TASK REQUIREMENTS: With the pictures omitted, transcribe each line below exactly as it is.

STORED DATA:
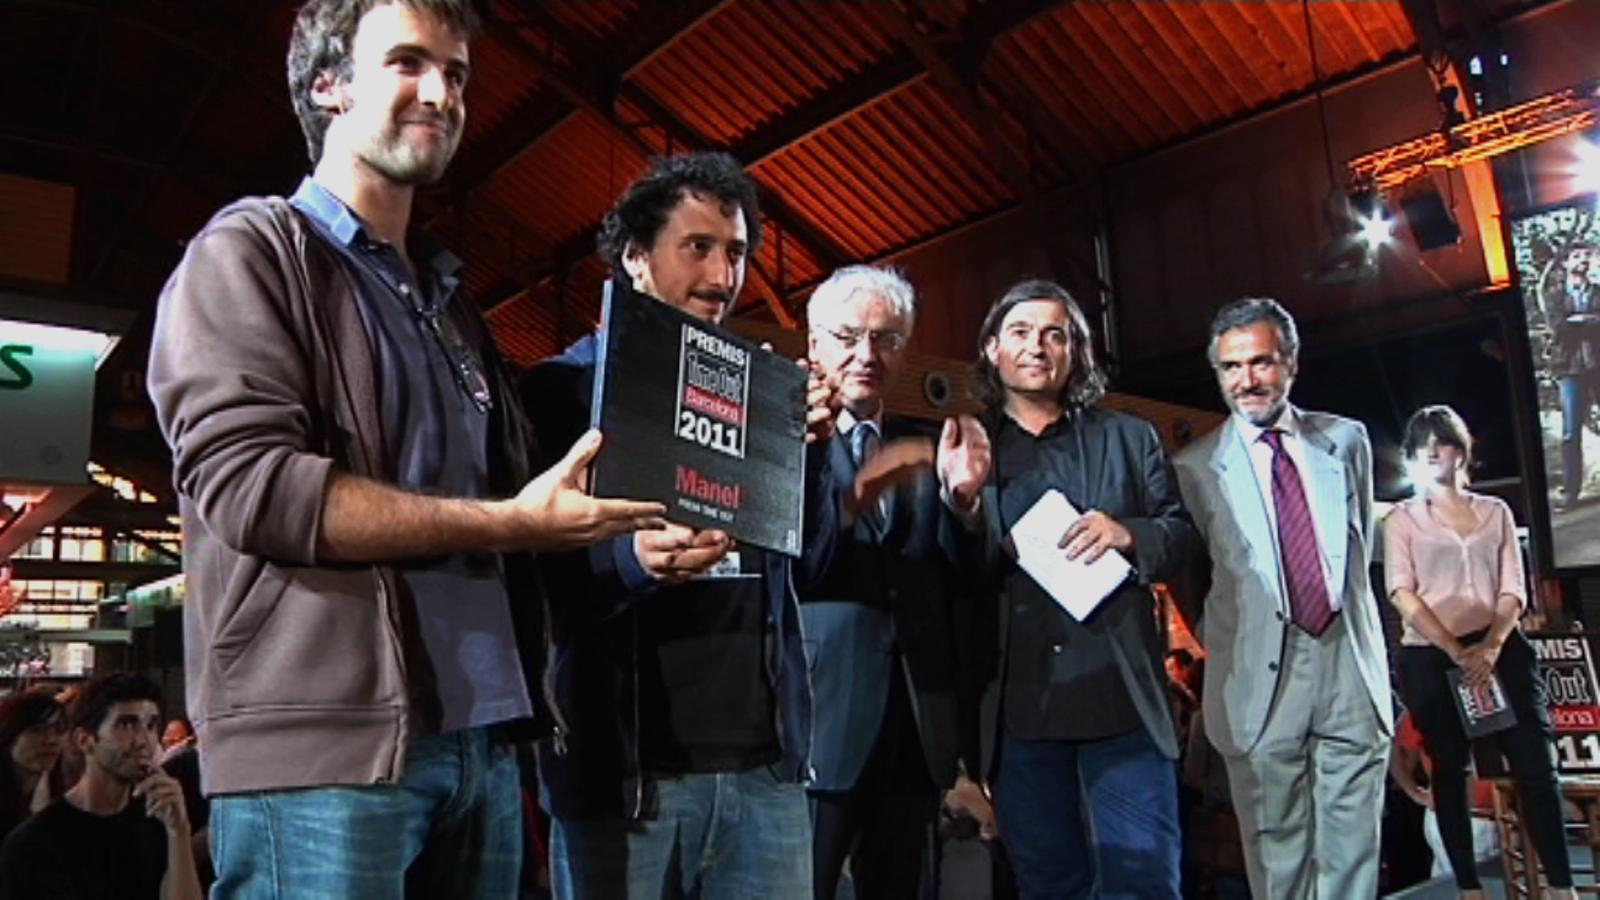 Els Manel triomfen en els premis Time Out Barcelona
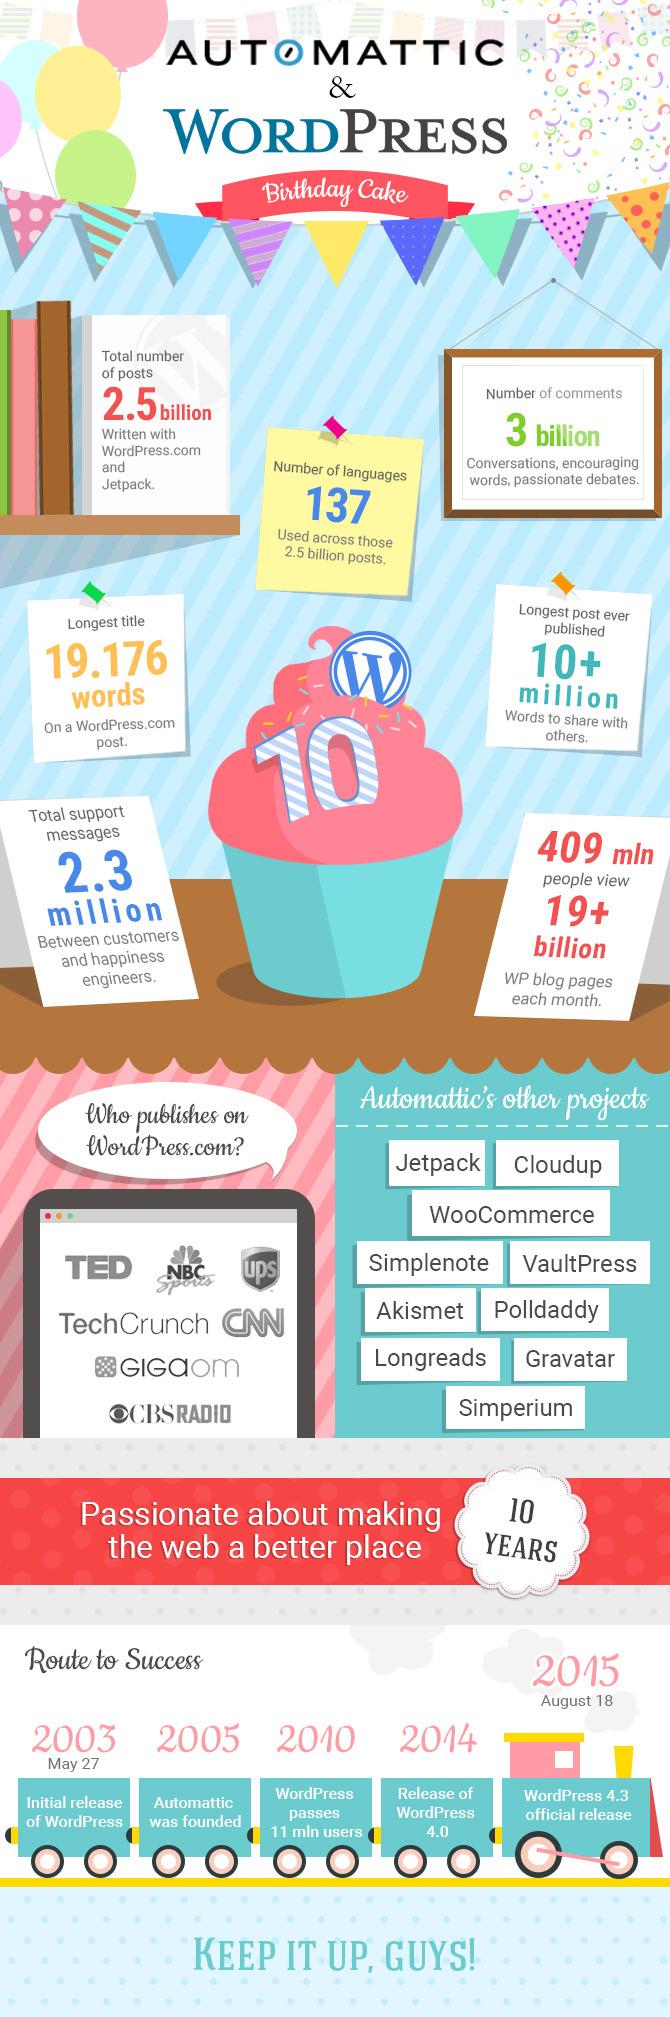 10 Years of WordPress & Automattic Birthday
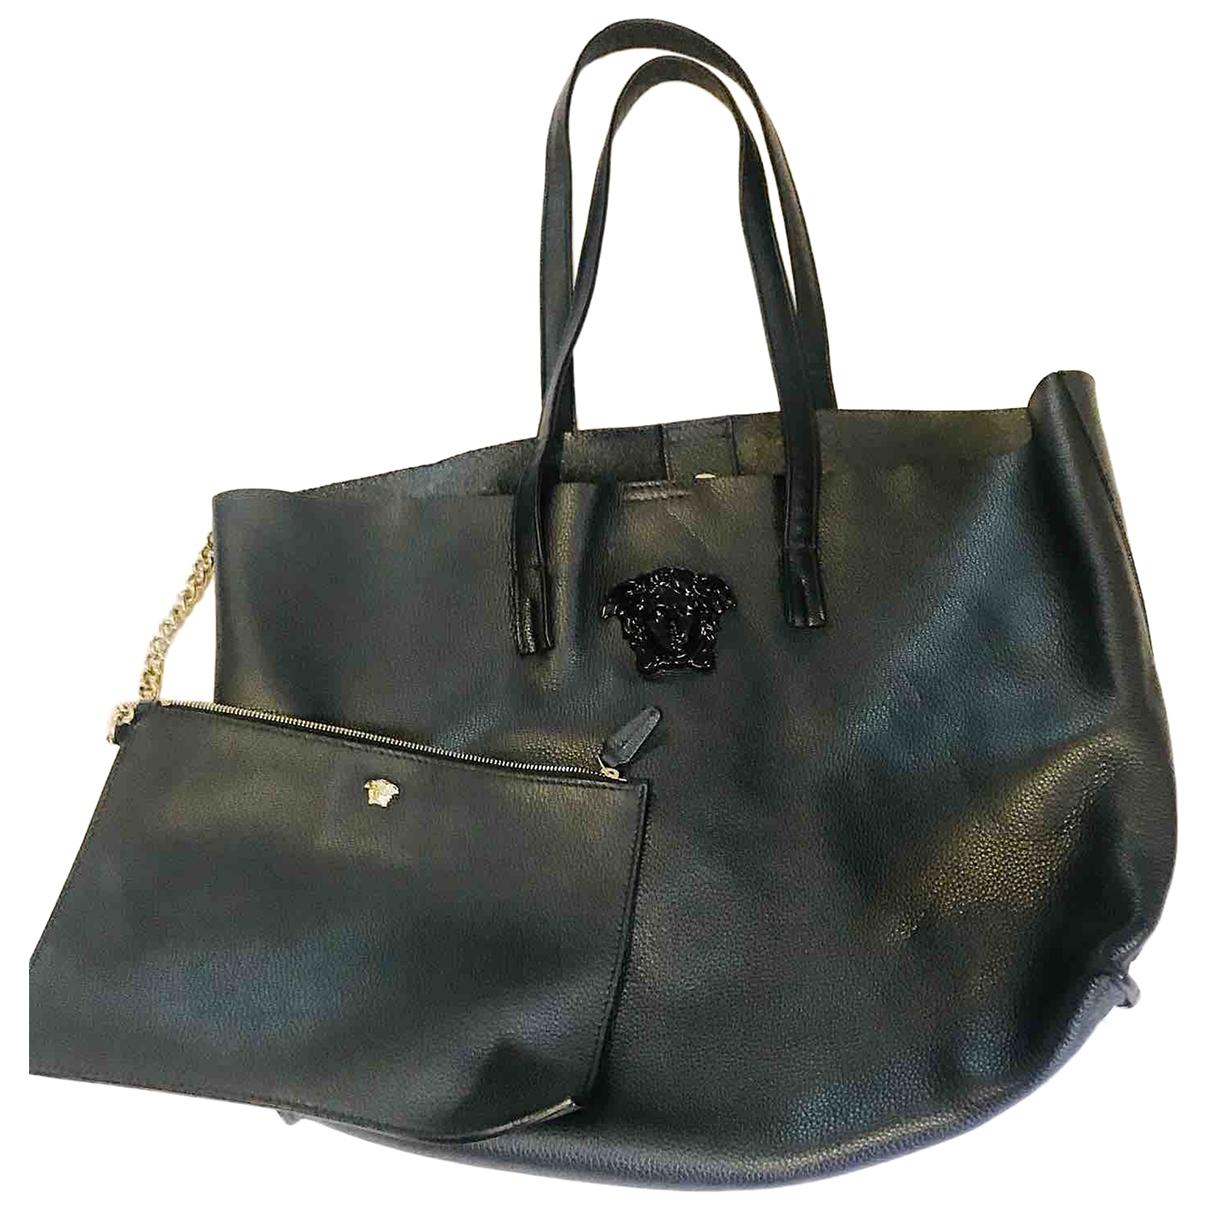 Versace - Sac a main Palazzo Empire pour femme en cuir - noir

TASK RESPONSE:
 Els Manel triomfen en els premis Time Out Barcelona
 10 Years of WordPress & Automattic Birthday
 Versace - Sac a main Palazzo Empire pour femme en cuir - noir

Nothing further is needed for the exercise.